Determination of the in vivo stoichiometry of tyrosyl radical per betabeta' in Saccharomyces cerevisiae ribonucleotide reductase.

The class I ribonucleotide reductases catalyze the conversion of nucleotides to deoxynucleotides and are composed of two subunits: R1 and R2. R1 contains the site for nucleotide reduction and the sites that control substrate specificity and the rate of reduction. R2 houses the essential diferric-tyrosyl radical (Y(*)) cofactor. In Saccharomyces cerevisiae, two R1s, alpha(n) and , have been identified, while R2 is a heterodimer (betabeta'). beta' cannot bind iron and generate the Y(*); consequently, the maximum amount of Y(*) per betabeta' is 1. To determine the cofactor stoichiometry in vivo, a FLAG-tagged beta ((FLAG)beta) was constructed and integrated into the genome of Y300 (MHY343). This strain facilitated the rapid isolation of endogenous levels of (FLAG)betabeta' by immunoaffinity chromatography, which was found to have 0.45 +/- 0.08 Y(*)/(FLAG)betabeta' and a specific activity of 2.3 +/- 0.5 micromol min(-1) mg(-1). (FLAG)betabeta' isolated from MMS-treated MHY343 cells or cells containing a deletion of the transcriptional repressor gene CRT1 also gave a Y(*)/(FLAG)betabeta' ratio of 0.5. To determine the Y(*)/betabeta' ratio without R2 isolation, whole cell EPR and quantitative Western blots of beta were performed using different strains and growth conditions.

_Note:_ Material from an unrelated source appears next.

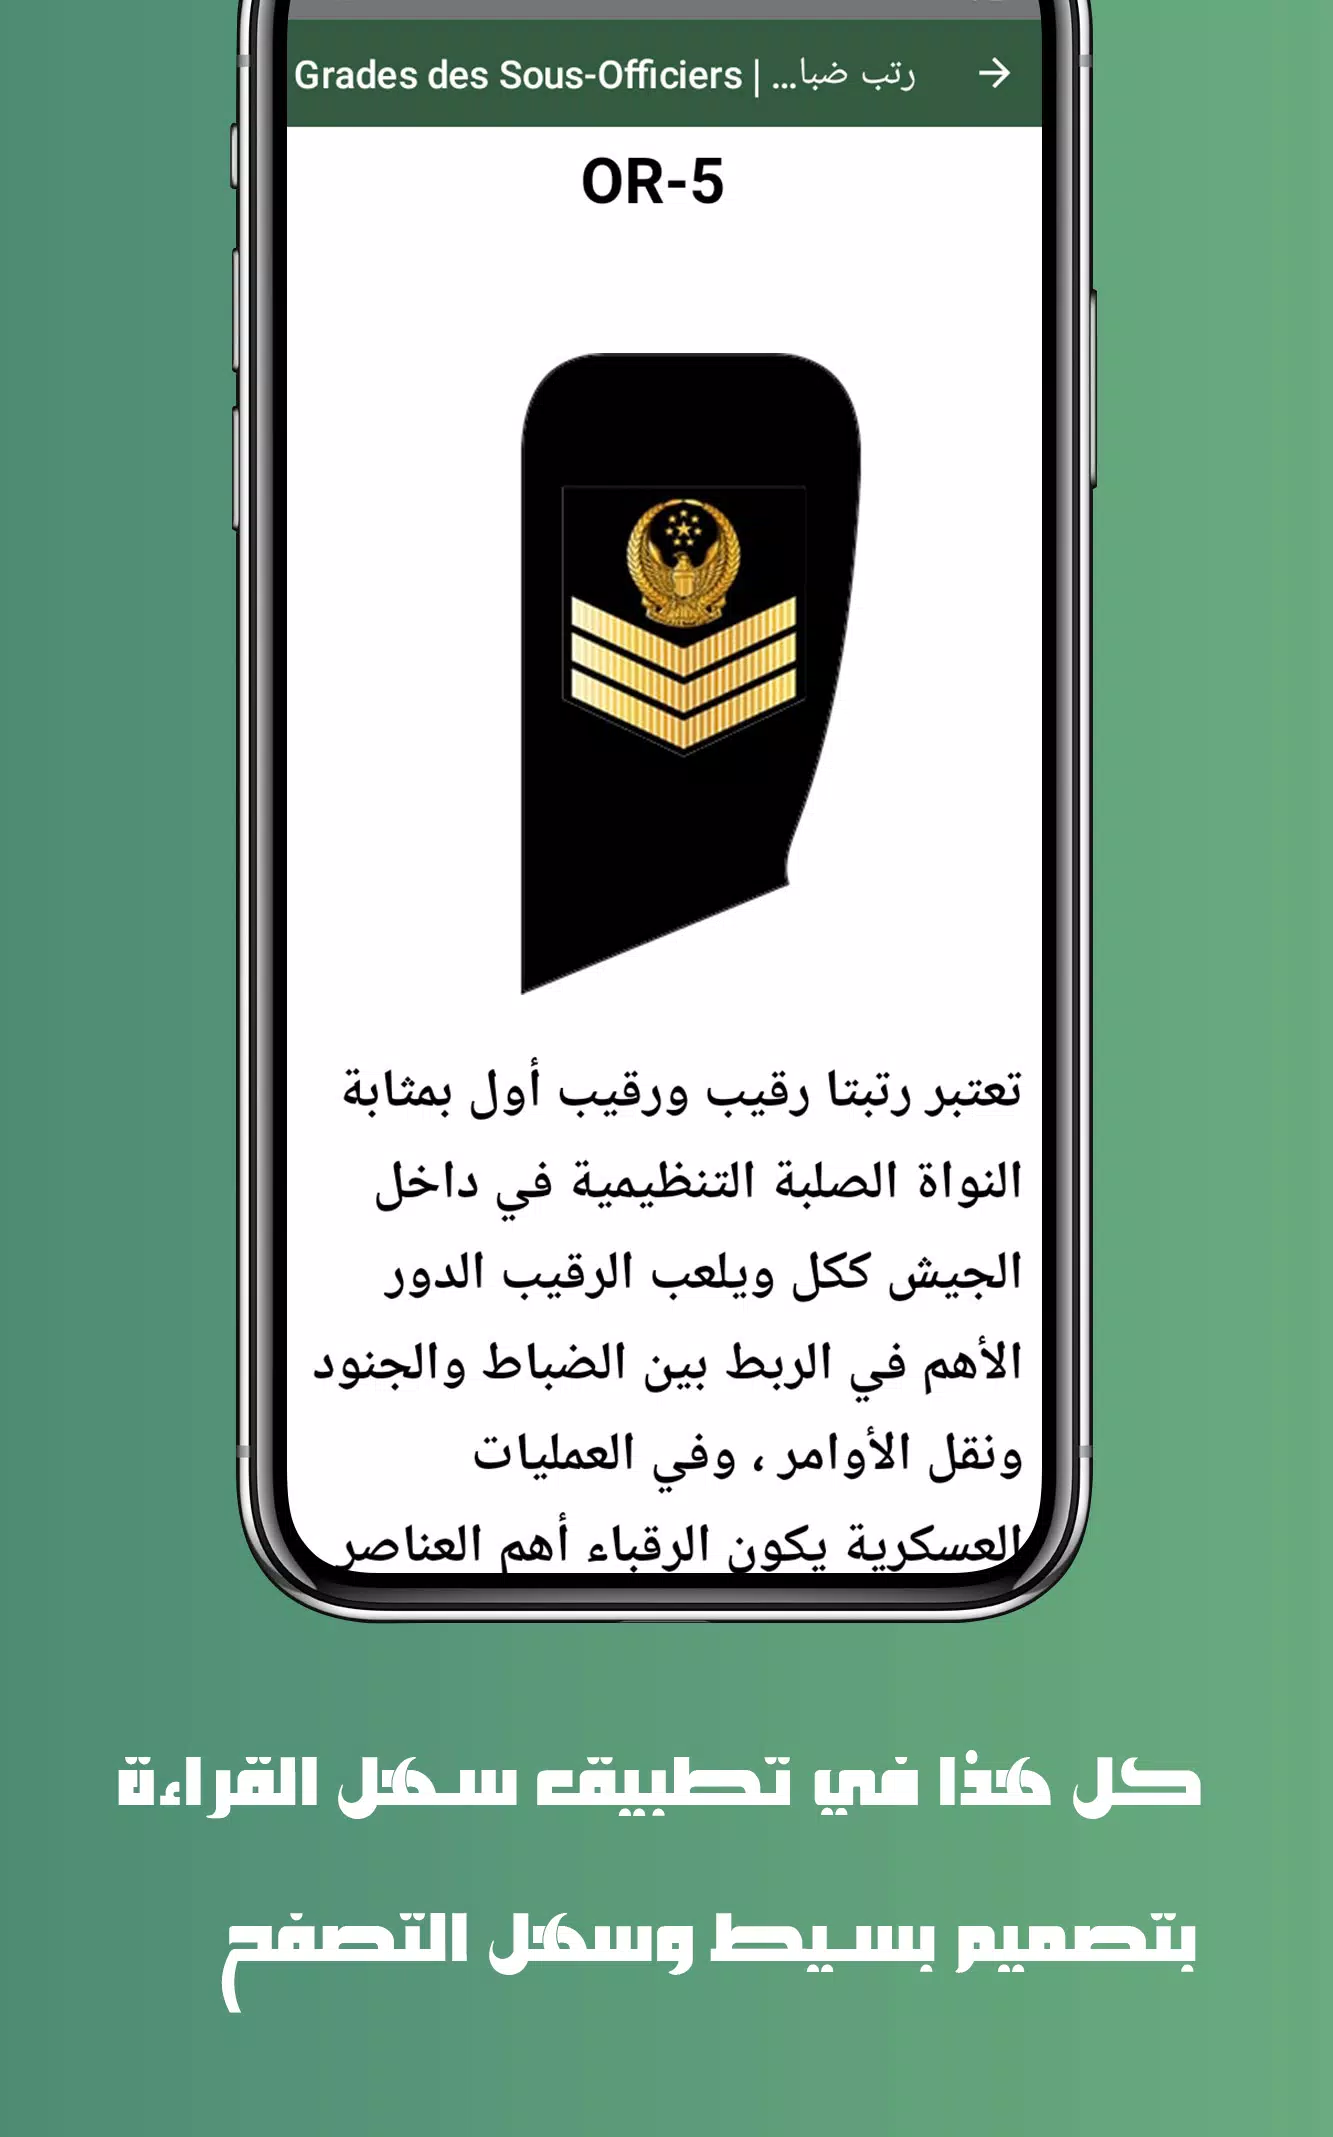 الرتب العسكرية الإماراتية UAE military ranks安卓版应用APK下载

The wild-type (wt) strains gave a Y(*)/betabeta' ratio of 0.83-0.89. The same strains either treated with MMS or containing a crt1Delta gave ratios between 0.49 and 0.72. Nucleotide reduction assays and quantitative Western blots from the same strains provided an independent measure and confirmation of the Y(*)/betabeta' ratios. Thus, under normal growth conditions, the cell assembles stoichiometric amounts of Y(*) and modulation of Y(*) concentration is not involved in the regulation of RNR activity.